Developing, vulnerable countries point fingers at rich countries, COP26 draft letter
Developing countries, including top emitters China and India, are asking for changes to the COP26 draft letter focusing more on reparations from established countries.
On Wednesday, Diego Pacheco Balanza, the head of Bolivia's delegation and spokesman for the Like-Minded Developing Countries group, along with 21 other countries released an opposition to the draft agreement.
They say it is unfair for rich countries who built their economies on fossil fuels to tell developing countries what to do without recognizing that historical responsibility.
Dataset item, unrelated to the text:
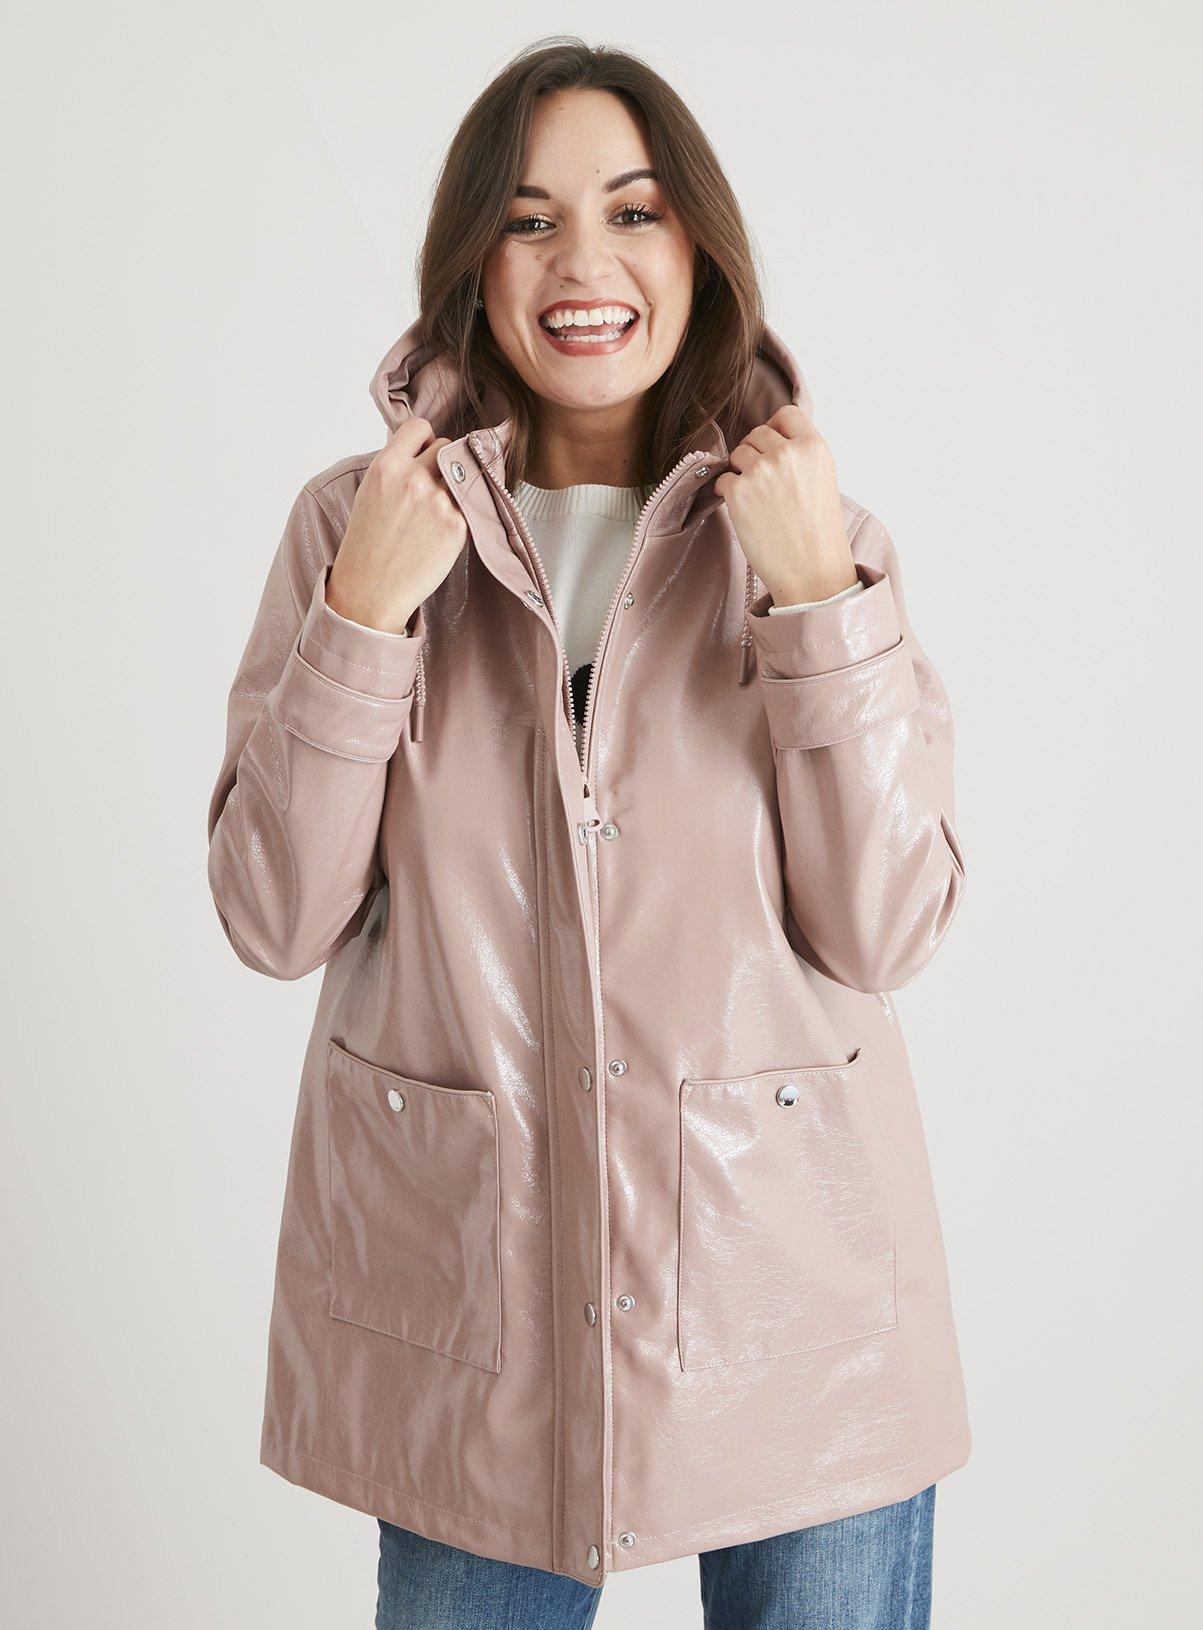 Pink Shower Resistant Vinyl Rubber Raincoat - 10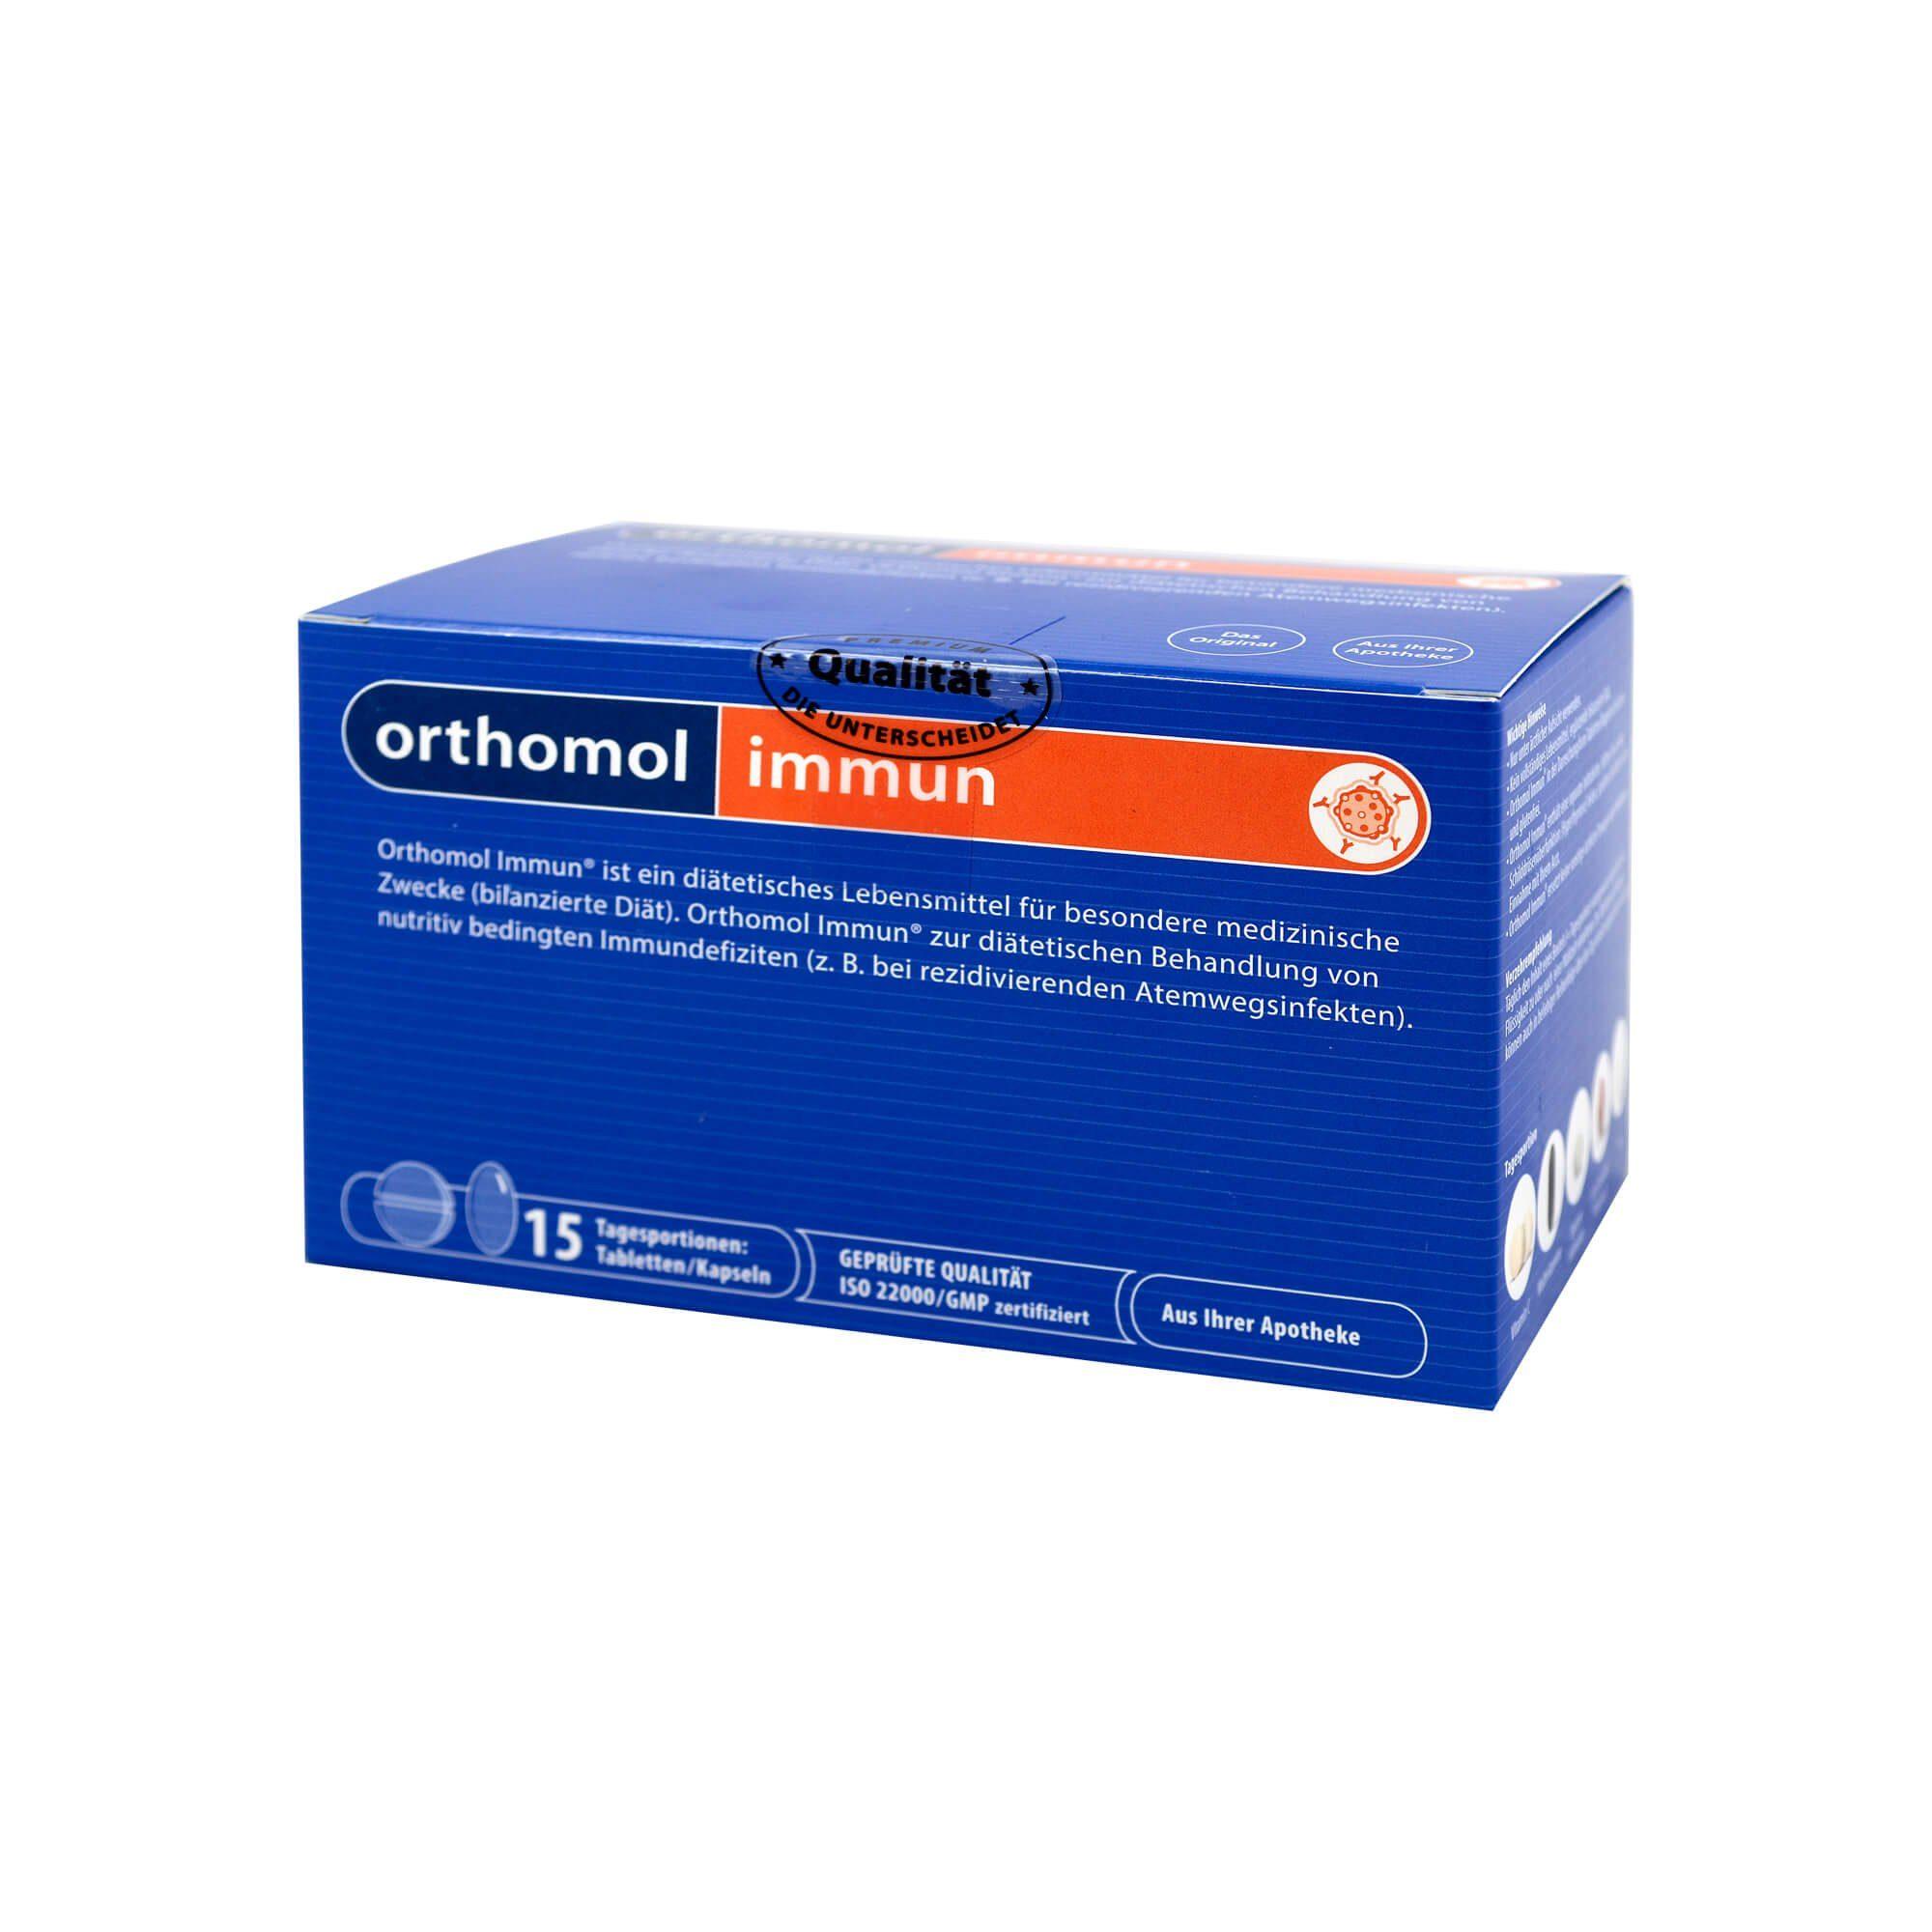 Orthomol Immun 15 Tabletten/Kapseln Kombipackung, 1 St

"We will never achieve the targets they are putting forward for the entire world. So we need to fight -- the developing world -- against this carbon colonialism," Balanza said at a press conference Friday.
The statement comes amid rising concerns from vulnerable countries in the Global South, which claim that COP26 isn't focusing enough on their needs.
Uganda's Vanessa Nakate emphasized that any additional global temperature warming could lead to more suffering in her country.
"A 2.4-degree [warmer] world is a death sentence for communities like mine; 1.2 degrees is already hell for us," Nakate told reporters Wednesday night.
Similarly, Elizabeth Wathuti from Kenya spoke about climate-related starvation in her country, urging leaders to keep those affected by it at the front of their minds.
"The big question is, are the leaders here going to step up to do what must be done to save those lives and livelihoods that are at stake?" Wathuti asked. "I come from Kenya where over 2 million Kenyans are facing climate-related starvation and I need answers when I go back to my communities to my country. What are we going to tell these people whose lives and livelihoods are at stake when we go back?"